ChatSchema: A pipeline of extracting structured information with Large Multimodal Models based on schema

Fei Wang,Yuewen Zheng,Qin Li,Jingyi Wu,Pengfei Li,Luxia Zhang
2024-07-26
Abstract:Objective: This study introduces ChatSchema, an effective method for extracting and structuring information from unstructured data in medical paper reports using a combination of Large Multimodal Models (LMMs) and Optical Character Recognition (OCR) based on the schema. By integrating predefined schema, we intend to enable LMMs to directly extract and standardize information according to the schema specifications, facilitating further data entry. Method: Our approach involves a two-stage process, including classification and extraction for categorizing report scenarios and structuring information. We established and annotated a dataset to verify the effectiveness of ChatSchema, and evaluated key extraction using precision, recall, F1-score, and accuracy metrics. Based on key extraction, we further assessed value extraction. We conducted ablation studies on two LMMs to illustrate the improvement of structured information extraction with different input modals and methods. Result: We analyzed 100 medical reports from Peking University First Hospital and established a ground truth dataset with 2,945 key-value pairs. We evaluated ChatSchema using GPT-4o and Gemini 1.5 Pro and found a higher overall performance of GPT-4o.

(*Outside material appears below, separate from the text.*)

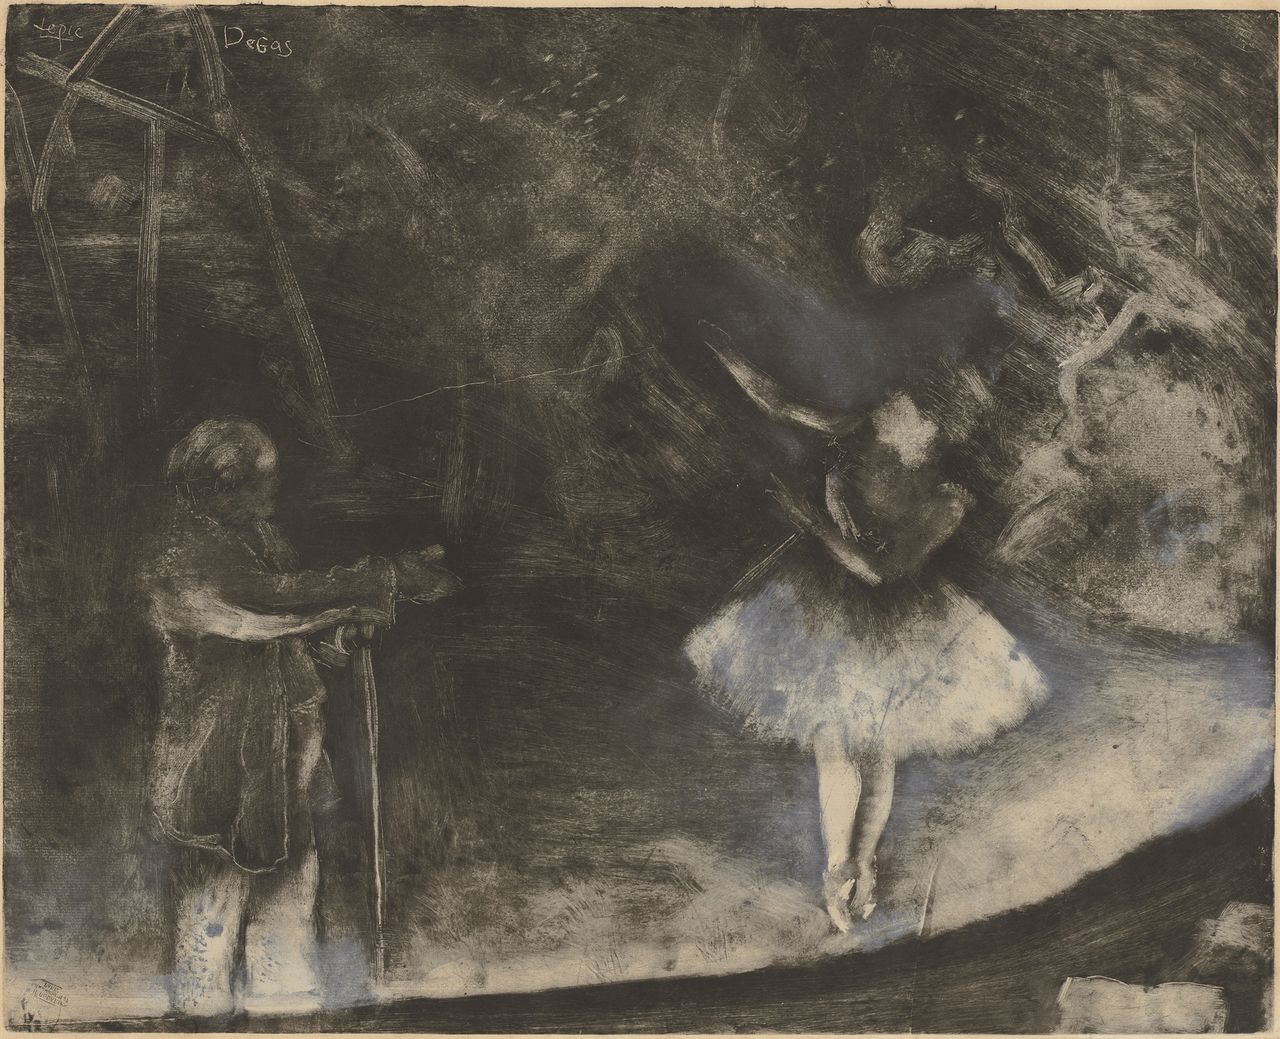 Edgar Degas (French, 1834–1917). The Ballet Master (Le Maître de ballet), c. 1876. White chalk or opaque watercolor over monotype on paper. Plate: 22 1/4 x 27 9/16 in. (56.5 x 70 cm), sheet: 24 7/16 x 33 7/16 in. (62 x 85 cm). National Gallery of Art, Washington, D.C. Rosenwald Collection, 1964.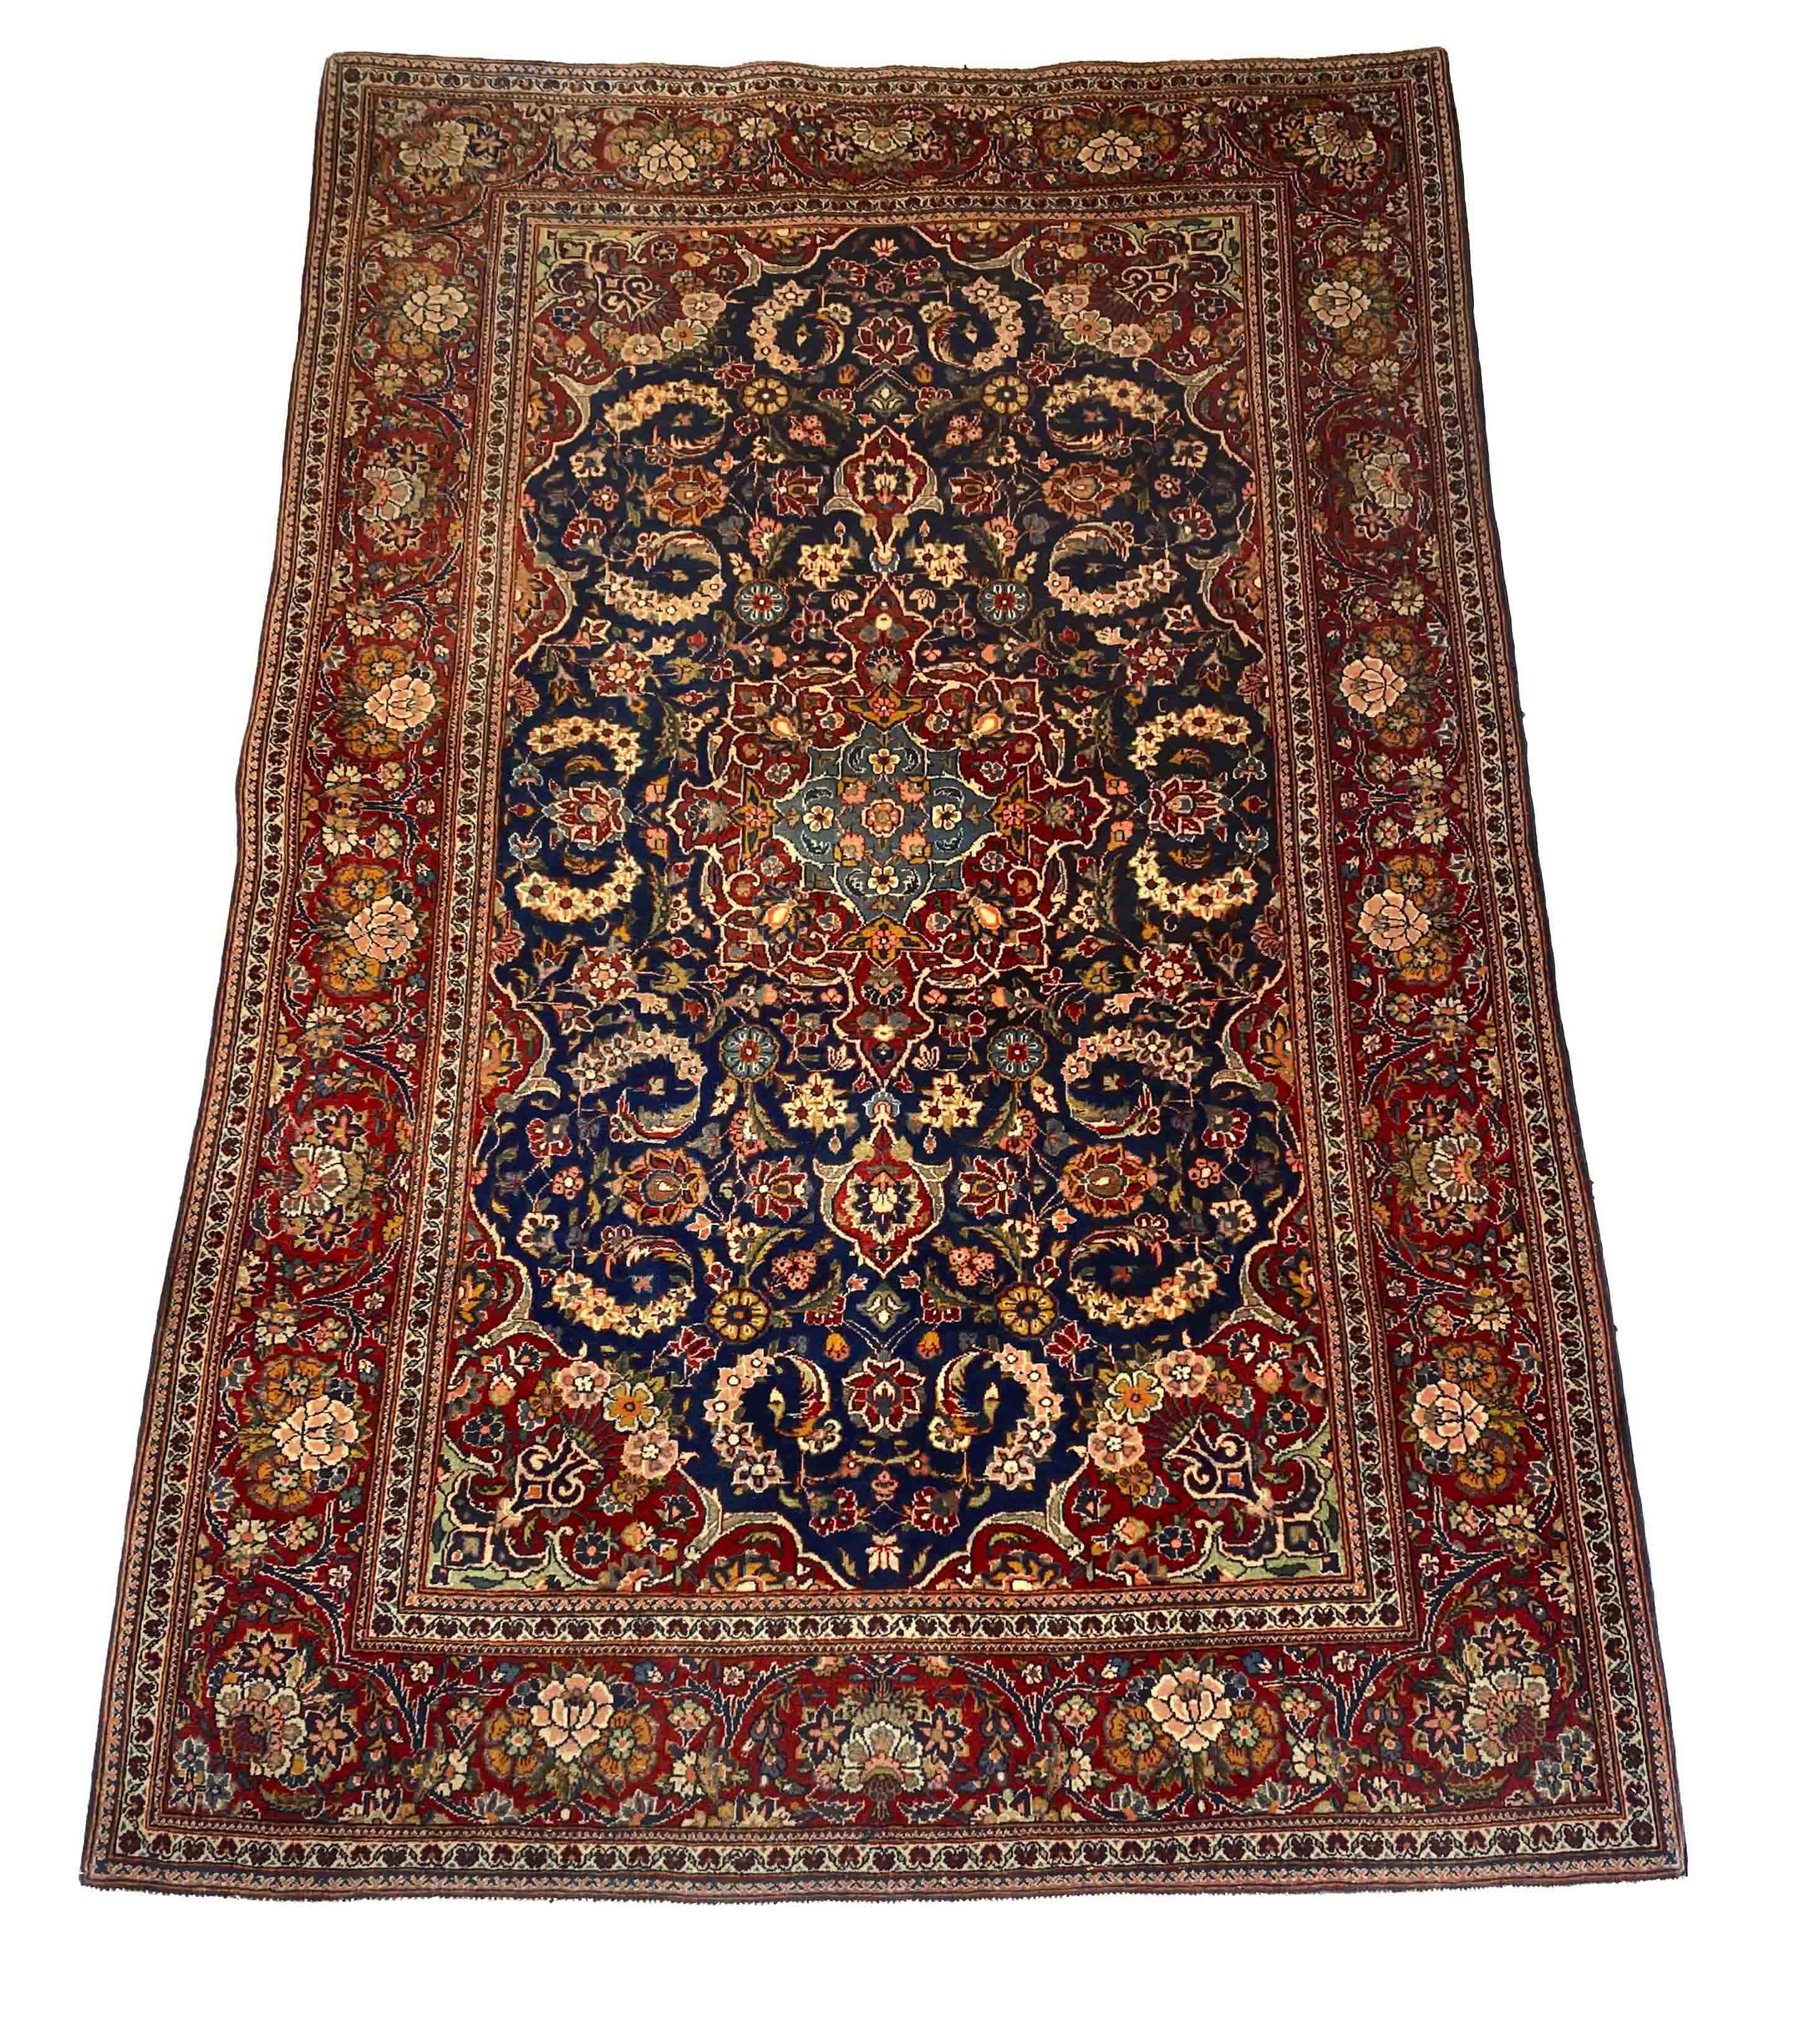 Carpet, Keshan, good condition with minor wear, 204 x 133 cm - The carpet can only be viewed and

The results are as follows: For the result of key extraction, key-precision was 98.6%, key-recall was 98.5%, key-F1-score was 98.6%. For the result of value extraction based on correct key extraction, the overall accuracy was 97.2%, precision was 95.8%, recall was 95.8%, and F1-score was 95.8%. An ablation study demonstrated that ChatSchema achieved significantly higher overall accuracy and overall F1-score of key-value extraction, compared to the Baseline, with increases of 26.9% overall accuracy and 27.4% overall F1-score, respectively.
Computation and Language
What problem does this paper attempt to address?
### Problems the Paper Attempts to Solve The paper aims to address the problem of extracting and structuring information from medical reports. Specifically, the authors propose a method called **ChatSchema**, which utilizes Large Multimodal Models (LMMs) and Optical Character Recognition (OCR) technology to extract and standardize information from unstructured medical reports based on predefined schemas. Through this method, the researchers hope to improve the efficiency and accuracy of medical report data entry, reducing the workload of manual processing. ### Main Contributions 1. **Method Innovation**: Combines LMMs and OCR technology to guide information extraction and standardization through predefined schemas. 2. **Two-Stage Process**: Includes classification and extraction stages, used to identify report scenarios and extract structured information, respectively. 3. **Dataset Construction**: Established a ground truth dataset containing 100 medical reports, with a total of 2,945 key-value pairs. 4. **Performance Evaluation**: Evaluated the performance of ChatSchema using metrics such as precision, recall, F1 score, and accuracy, and compared it with baseline methods. 5. **Experimental Validation**: Conducted experiments on two LMMs, GPT-4o and Gemini 1.5 Pro, showing that ChatSchema performs excellently in key extraction and value extraction. ### Experimental Results - **Key Extraction**: Particularly outstanding performance on GPT-4o, with a key precision of 98.6%, key recall of 98.5%, and key F1 score of 98.6%. - **Value Extraction**: Overall accuracy based on correct key extraction is 97.2%, with a precision of 95.8%, recall of 95.8%, and F1 score of 95.8%. - **Ablation Study**: Using both images and text did not significantly improve performance compared to using only images or text, but still outperformed baseline methods. ### Conclusion The ChatSchema method performs excellently in extracting and structuring information from medical reports, effectively identifying and standardizing key-value pairs. The research results indicate that combining LMMs and OCR technology, through prompt engineering and predefined schemas, can significantly improve the efficiency of data entry processing for medical documents. Future research can further validate this method on more diverse and larger-scale datasets and explore its applications in other fields and languages.